DATA FOR THIS TASK:
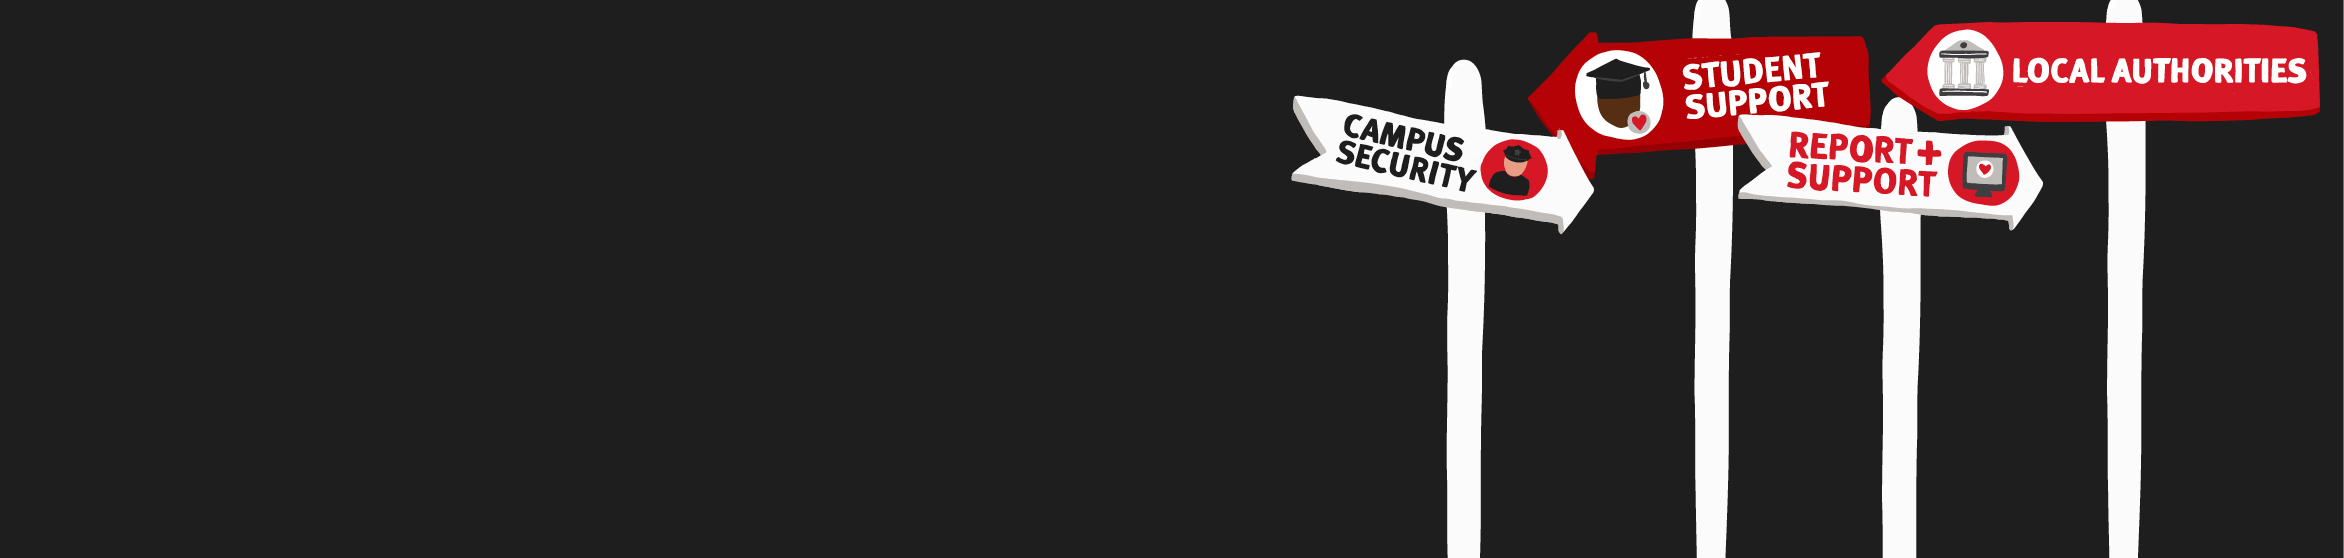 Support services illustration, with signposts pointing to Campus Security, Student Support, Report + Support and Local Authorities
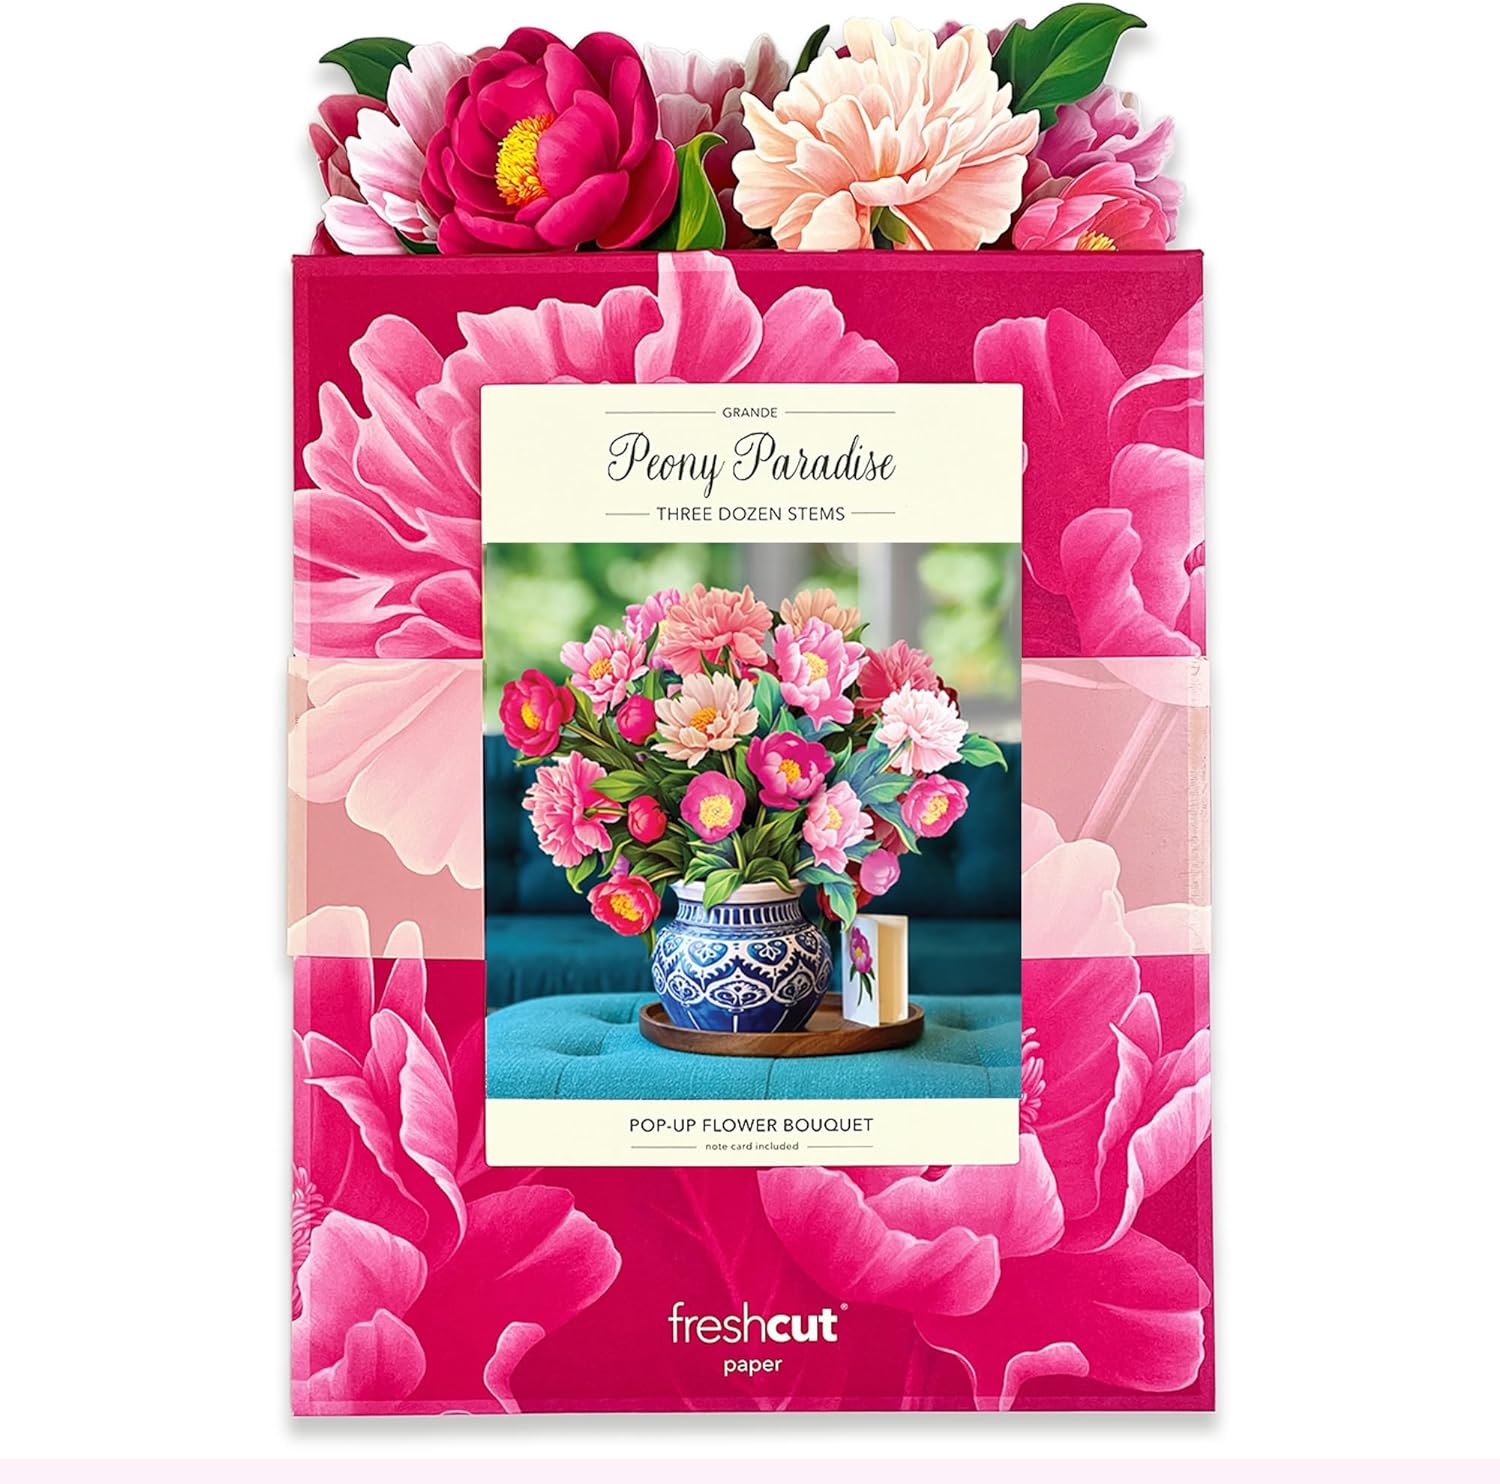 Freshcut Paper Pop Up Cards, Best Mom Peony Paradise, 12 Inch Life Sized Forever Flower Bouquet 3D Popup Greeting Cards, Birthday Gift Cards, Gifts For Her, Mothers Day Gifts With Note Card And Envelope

* * *

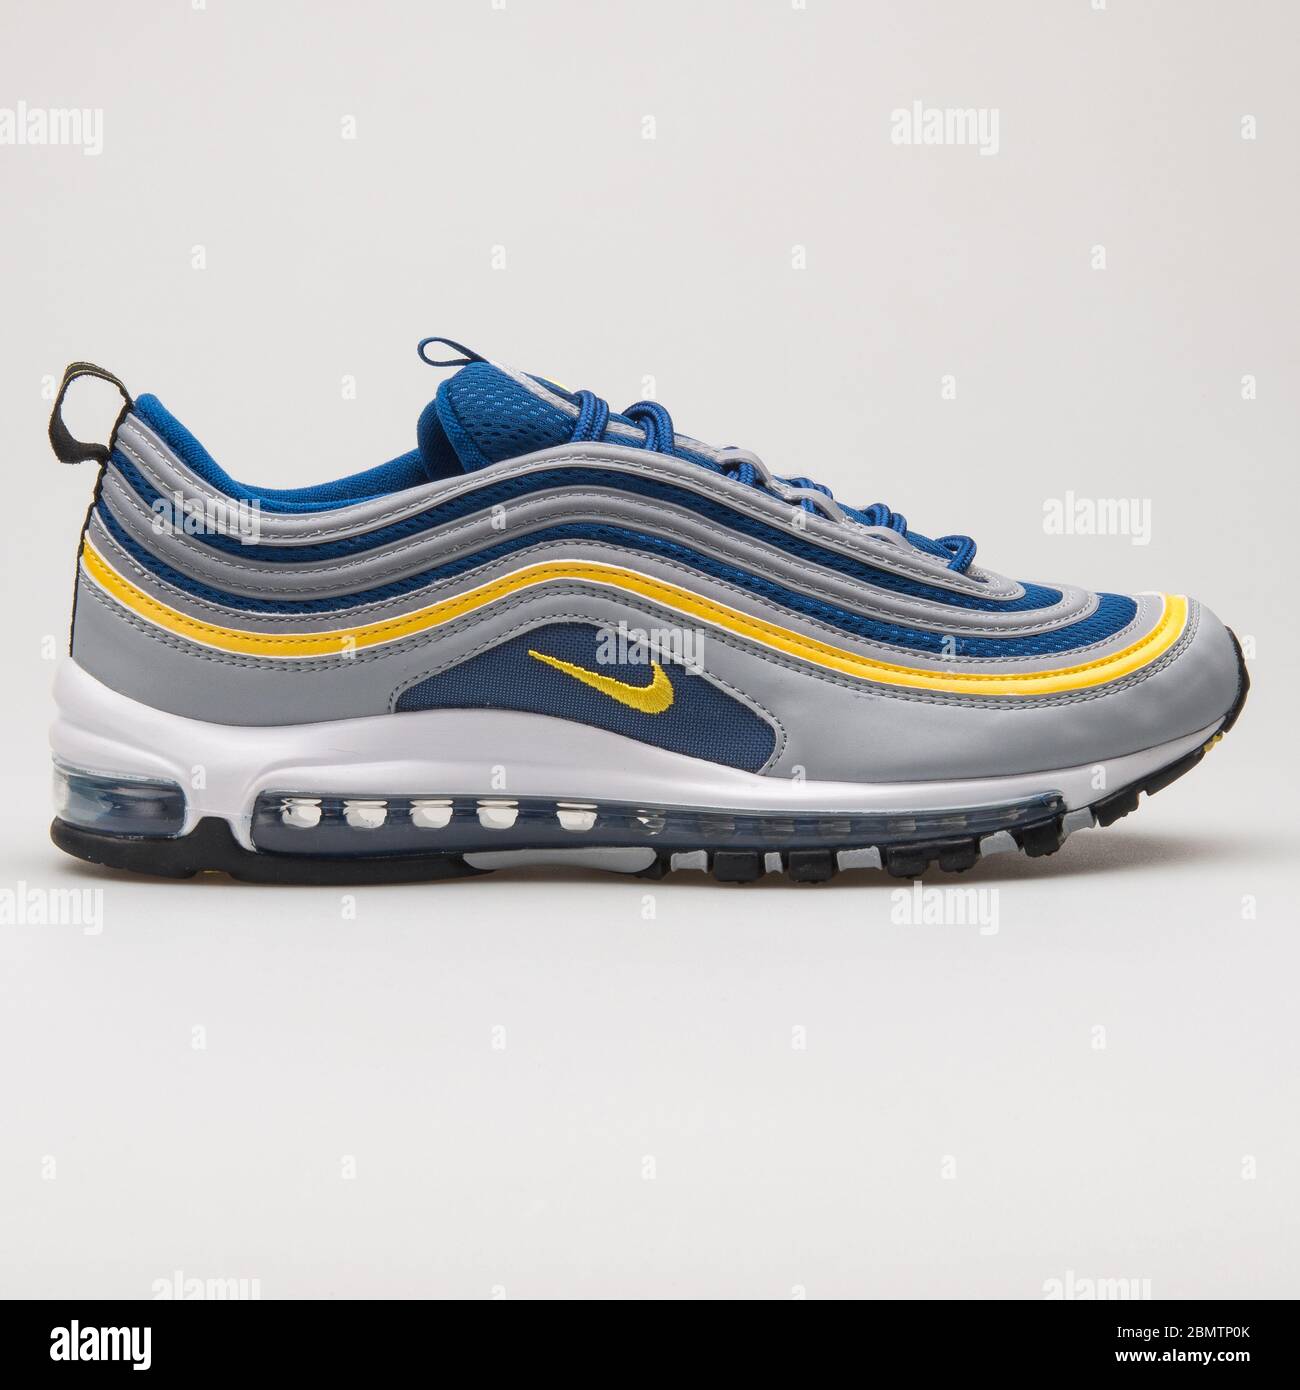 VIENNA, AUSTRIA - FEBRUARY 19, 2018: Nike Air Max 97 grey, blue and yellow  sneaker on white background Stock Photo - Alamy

TASK INSTRUCTIONS:
Print nothing except the lines above from the one containing "Support services illustration, with" down to the one containing "Freshcut Paper Pop", both included, exactly as written and free of pictures.

ANSWER SECTION:
 Support services illustration, with signposts pointing to Campus Security, Student Support, Report + Support and Local Authorities
 Freshcut Paper Pop Up Cards, Best Mom Peony Paradise, 12 Inch Life Sized Forever Flower Bouquet 3D Popup Greeting Cards, Birthday Gift Cards, Gifts For Her, Mothers Day Gifts With Note Card And Envelope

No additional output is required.